I guess the classical name is "algebraic form of degree $k$." The next step after quadratic forms is $k = 3$ when you get cubic forms, then quartic forms, and so forth. Algebraic forms of degree $k$ on a finite-dimensional vector space $V$ can be identified with homogeneous polynomials of degree $k$ on $V$, or equivalently with elements of the symmetric power $S^k(V^{\ast})$.
There is a bijection between algebraic forms in this sense and symmetric multilinear forms which concretely is given by polarization and which abstractly reflects a natural isomorphism
$$S^k(V^{\ast}) \cong S^k(V)^{\ast}$$
(say, in characteristic zero).
The higher derivatives of a smooth function $f : V \to \mathbb{R}$ are just the coefficients of its Taylor polynomials. Taylor polynomials, like all polynomials, break up into a sum of homogeneous polynomials, one in each degree. The degree zero part is $f(0)$, the degree one part encodes the first derivatives, etc. (Here I am always taking derivatives at $0$ WLOG.)

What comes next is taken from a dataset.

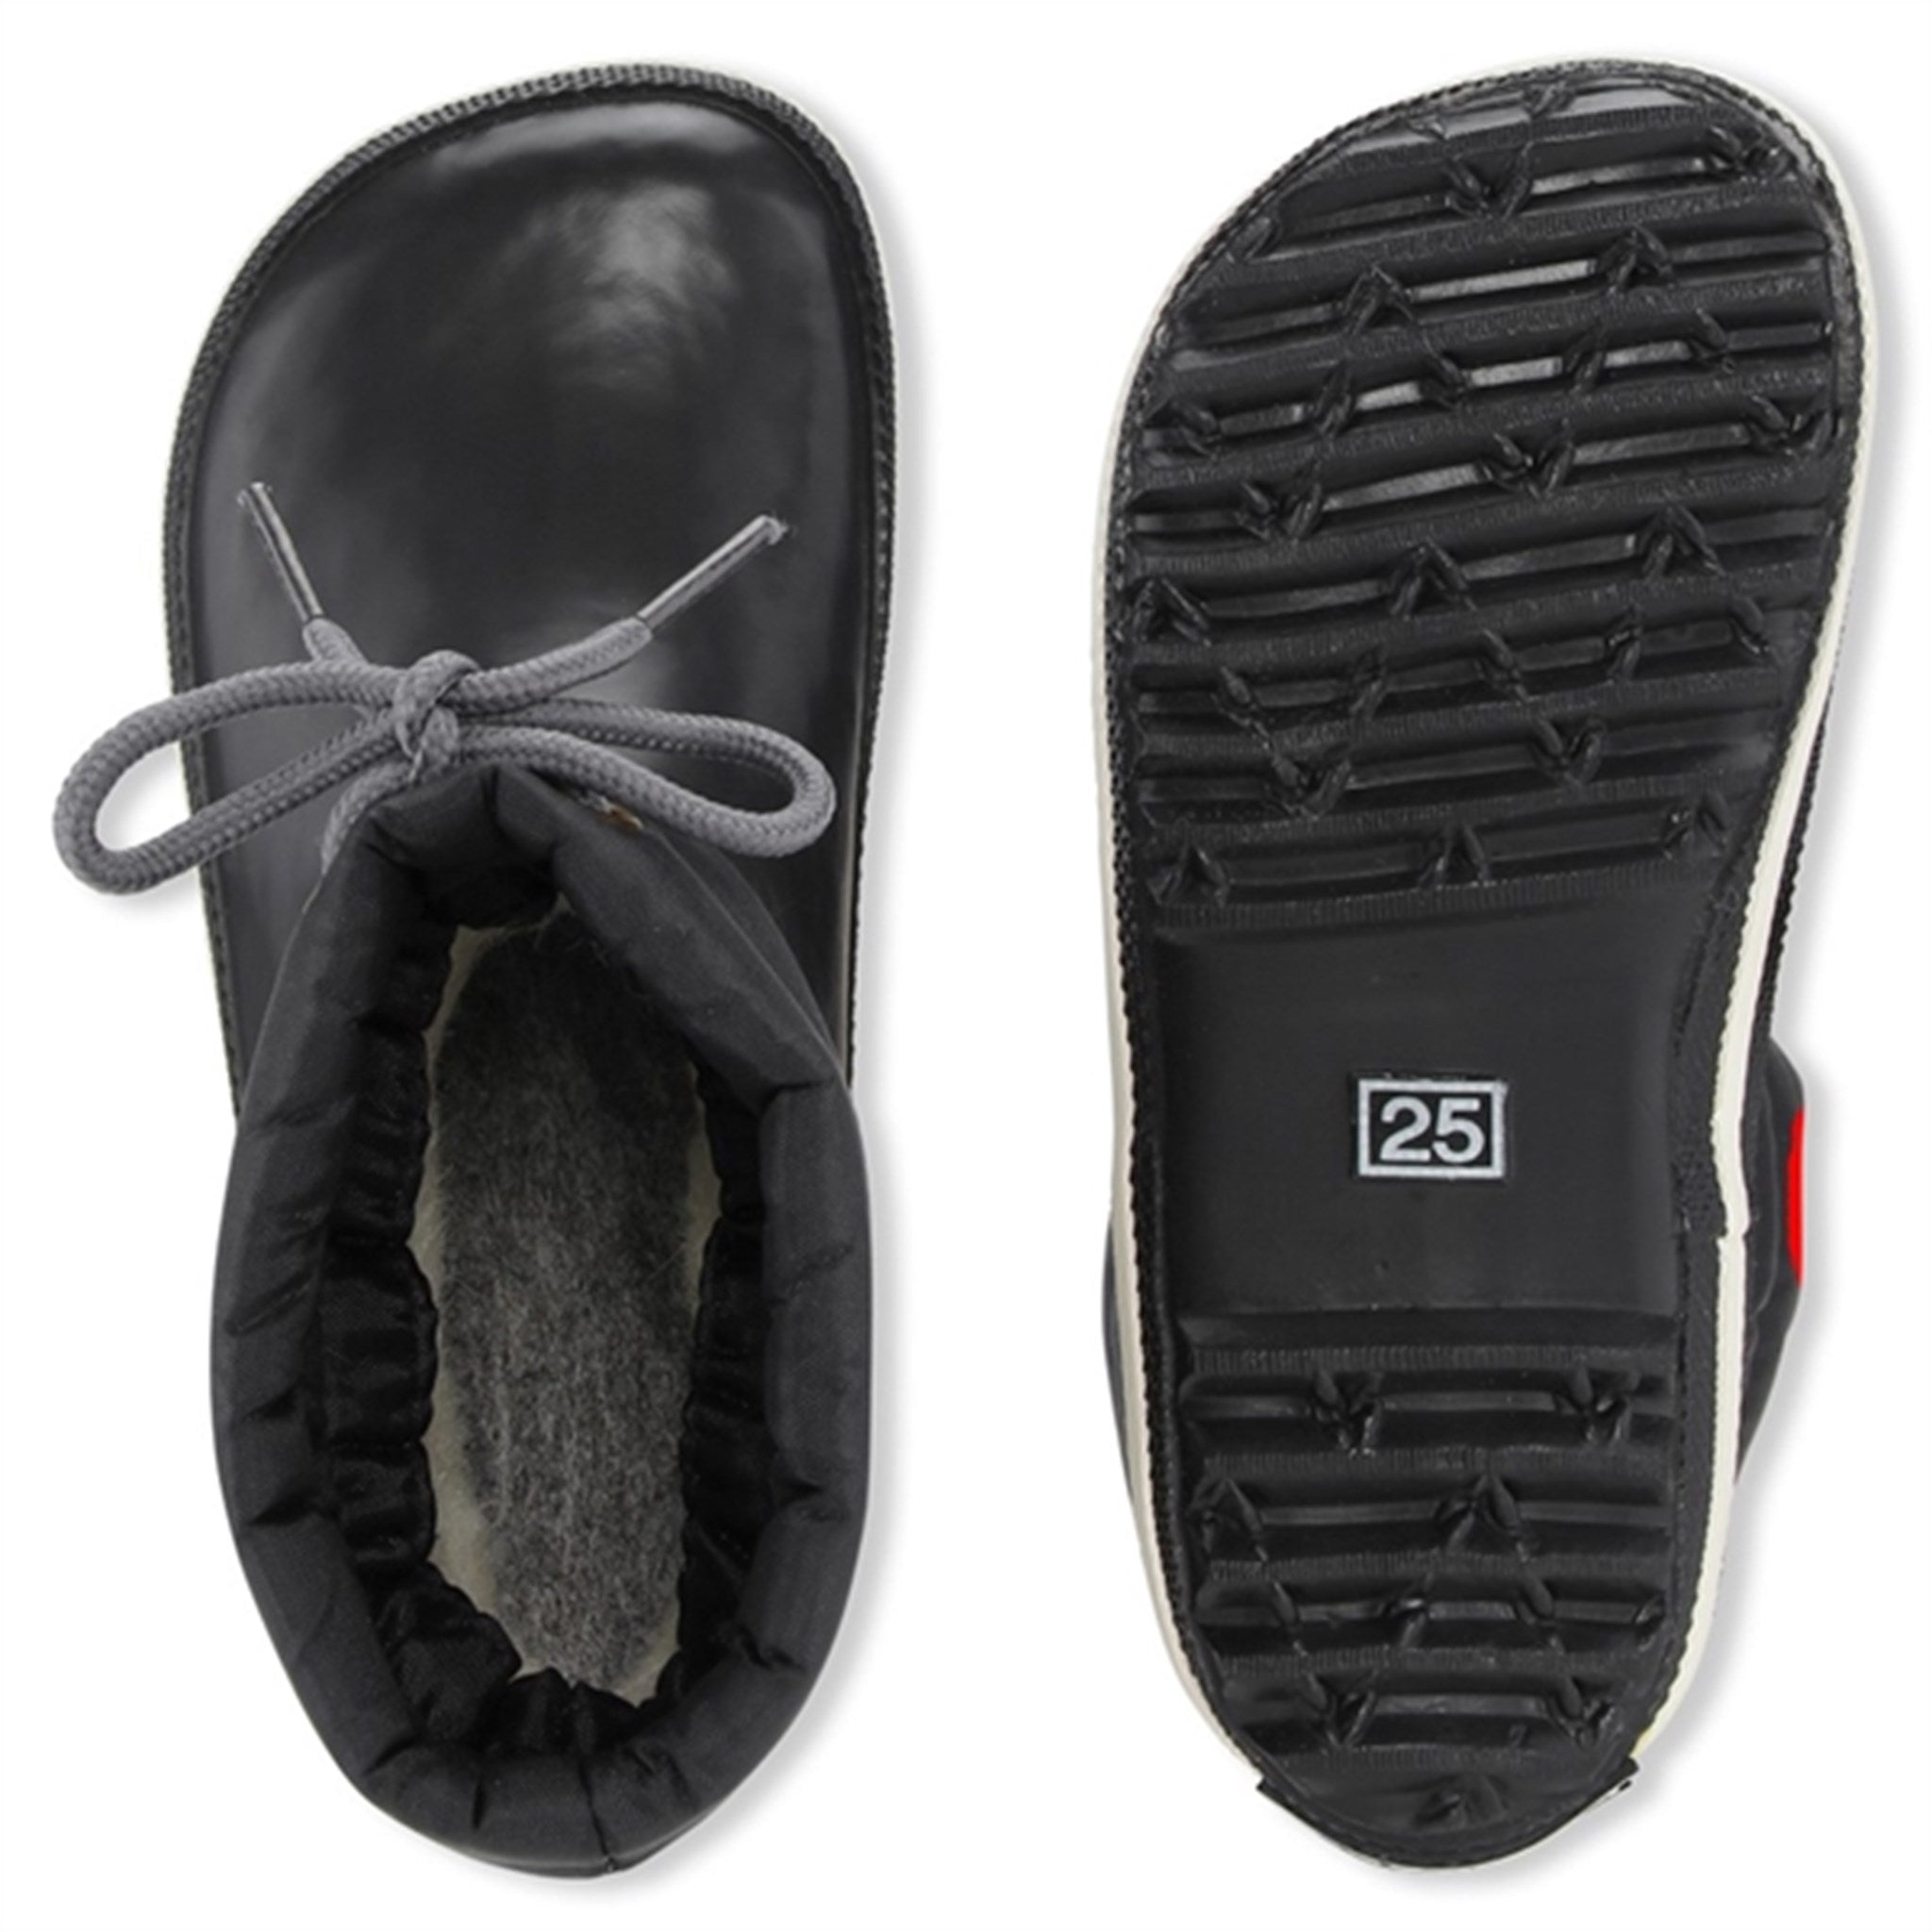 Bundgaard Cirro Low Warm Rubber Boots Black 2
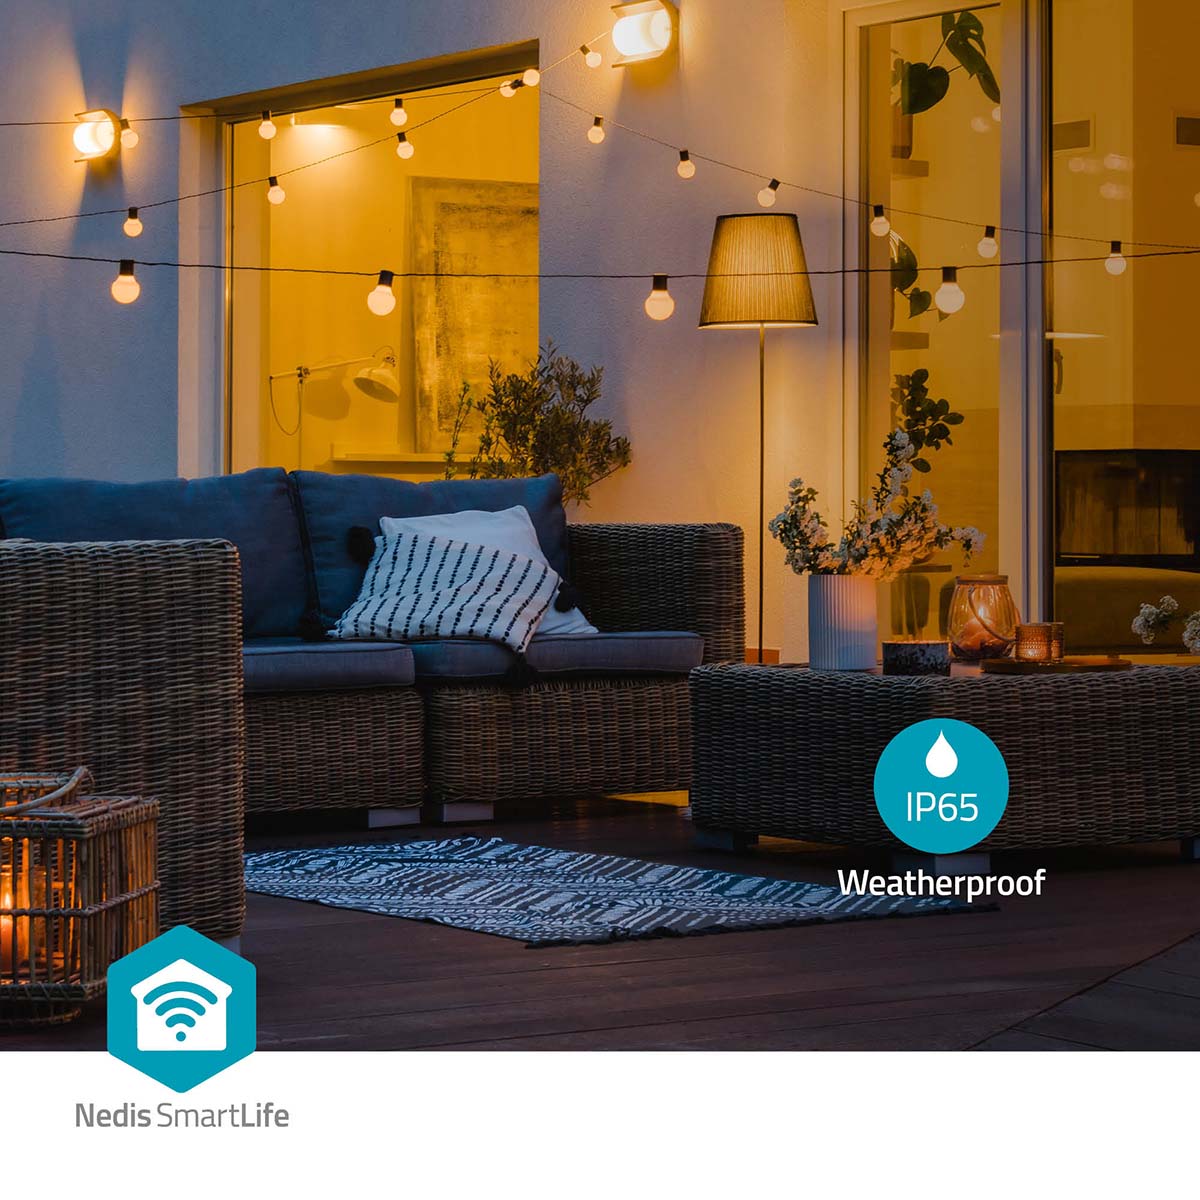 Luzes decorativas Nedis Wi-Fi branco quente (9m): iluminação inteligente para criar ambientes acolhedores com facilidade e estilo.

For example, in two variables the Taylor expansion takes the form
$$f(x, y) = \sum_n^{\infty} \sum_{i + j = n} f_{ij} x^i y^j$$
where
$$f_{ij} = \frac{1}{i! j!} \frac{\partial^i f}{\partial x^i \partial y^j} \Big|_{x=y=0}.$$
So e.g. the constant part is $f_{00}$, the linear part is $f_{10} x + f_{01} y$, the quadratic part is $f_{20} x^2 + f_{11} xy + f_{02} y^2$, the cubic part is $f_{30} x^3 + \dots$ and hopefully you get the idea. And of course you can isolate the degree $k$ part by looking at the coefficient of $t^k$ in $f(tx, ty)$.